Оба мы понимаем, что быстрая смерть – единственное средство для него избежать пыток, а для меня – возмущения толпы: теперь или позже.
– Мне что – когда герольд прокричит трикраты, на колени стать? – негромко спрашивает Олаф.
– Нет. Я же говорю – время дорого. Спустись на одну или лучше – на две ступени и держись так прямо и горделиво, как только можешь. И постарайся не дрогнуть, когда услышишь песню моего клинка.
Тотчас мы выходим наружу – в бурливое скопище народа, на лагерный шум и на яркий утренний свет.
Помост для нас возведен богатырский: вышиной почти в мой рост, с широкими ступенями и позорным столбом посредине. На расстоянии арбалетного выстрела от крепостных стен с их зубцами.
Не люблю, когда рядом толпится посторонний народ, поэтому наверх поднимаемся только мы с Олафом, врач, монах и цехмейстер.

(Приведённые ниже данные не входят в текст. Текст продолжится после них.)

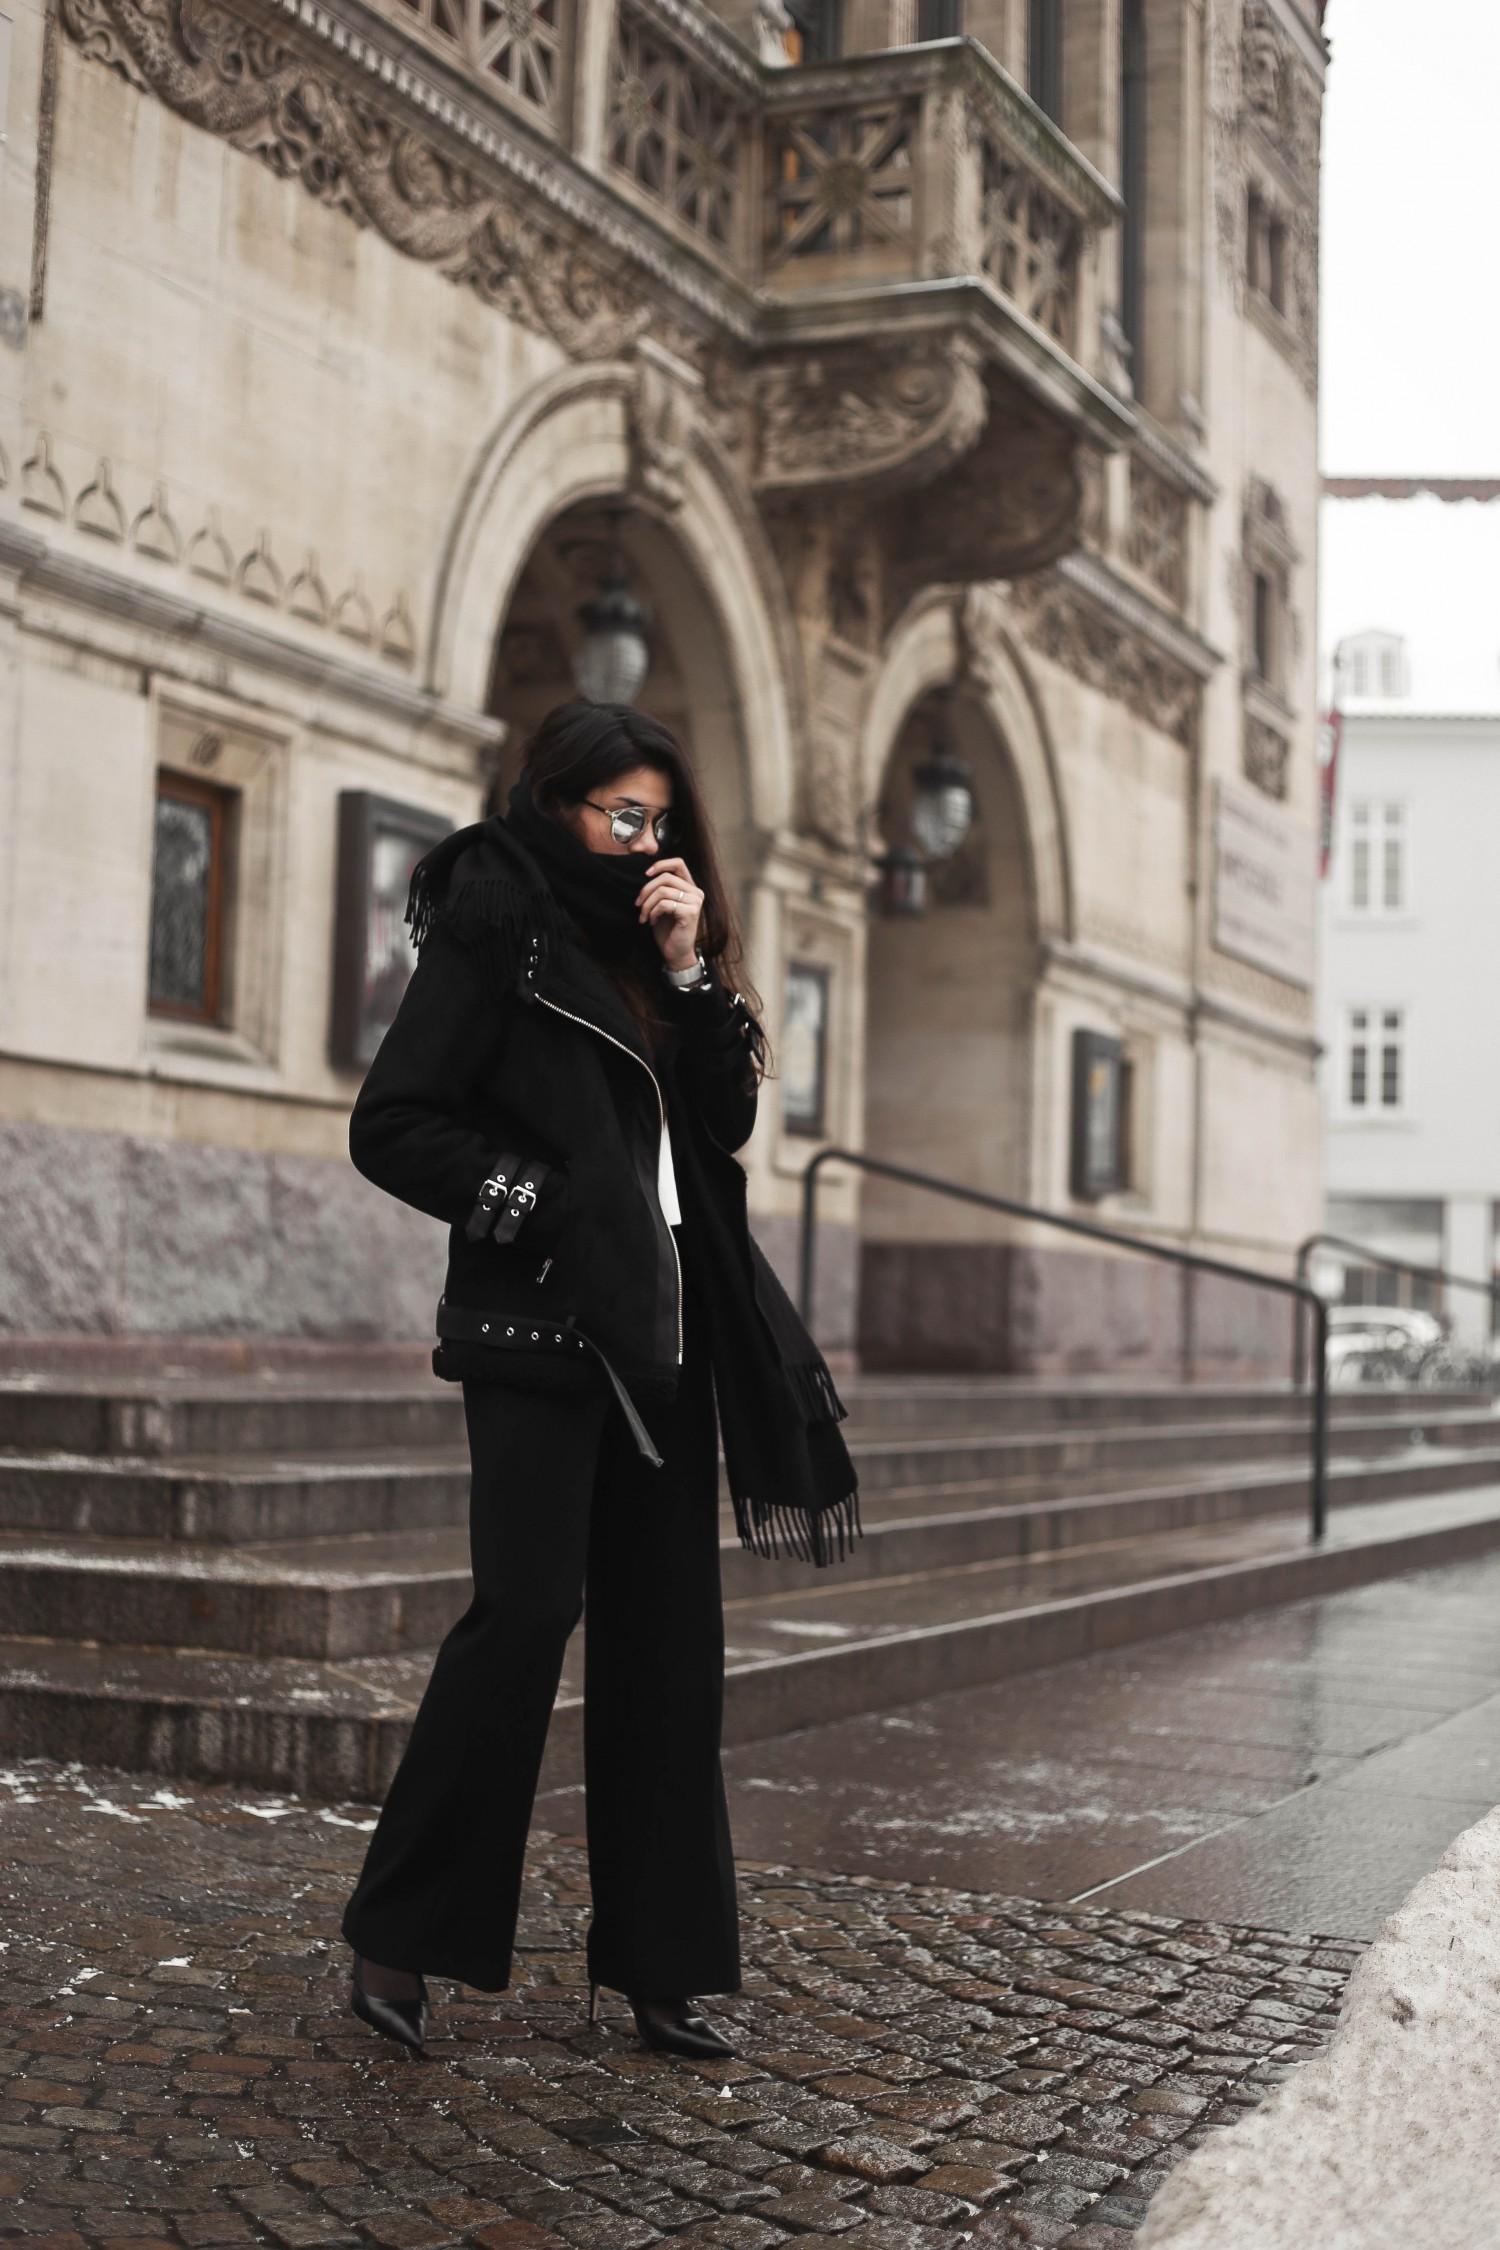 shearling coat-27, shearling coat, gina tricot, hoss pants, pumps, zara pumps, pointy heels, shearling coat outfit, shearling coat style, all black outfit, tailored pants, wide pants outfit, mowoblog, mowo blog, celine trio bag outfit, black on black outfit, winter outfit, danish fashion blogger, fashion blogger, blogger, blogger europe, blog, fashion blog, style blog, danish, scandinavian style

Я занимаю центр поближе к лестнице, моя команда – три угла эшафота.
Мы с Олафом становимся лицом к лицу. Я кланяюсь своему рыцарю и говорю:
– Прости меня за насилие, что я готовлюсь над тобой совершить.
А он – он снова делает нечто совершенно неуместное. Складывает ладони вместе, как будто собирается произнести последнюю молитву, и приказывает:
– Сделай так же, мейстер.
И когда я повторяю его жест, Олаф раздвигает своими ладонями мои и тихо, четко произносит:
– Как я влагаю свои руки в твои, мейстер, так и жизнь, и честь, и саму душу мою вручаю одному тебе.
Это не прощение мне. Это прямой оммаж – клятва вассала сюзерену. Но последнее внятно только мне одному.
Глашатай зычно говорит с земли:
– Эй, в крепости! Откройте ворота, иначе голова вашего любимца слетит с плеч!
Чудится мне, или в самом деле окованные железом створы вздрагивают?
– Олаф, – шепчу я сквозь продолжающиеся вопли, – там, на стенах, должны услышать не одного этого крикуна. Понимаешь?
Он понял.
Спускается на ступень ниже и громко, весело кричит, широко взмахнув скованными руками:
– Брат! Вульф! Не распахивай ворот! Не вручай неприятелю дома и сердца моего! Пусть сейчас меня казнят – я приму гибель с радостью, ибо это будет смерть от руки брата и друга. Слышишь, брат, слышите все там, на стенах? Снимите с меня позор!
Пока Олаф говорит, я замахиваюсь Гаокереном так широко, что лезвие чуть не касается сзади моих плеч. Между серыми волосами и низким черным воротом рубахи – бледная полоса шириной в два пальца, и примериваться мне некогда. Всё творю набело. Ибо нам с Олафом дан один-единственный шанс…
Когда я пускаю мужскую сторону моего клинка в полет, происходит нечто странное – податливая кожа рукояти покрывается шероховатыми бугорками, теплеет – и зрячая сталь как бы сама находит свою цель. А потом снова оборачивается обыкновенным мечом.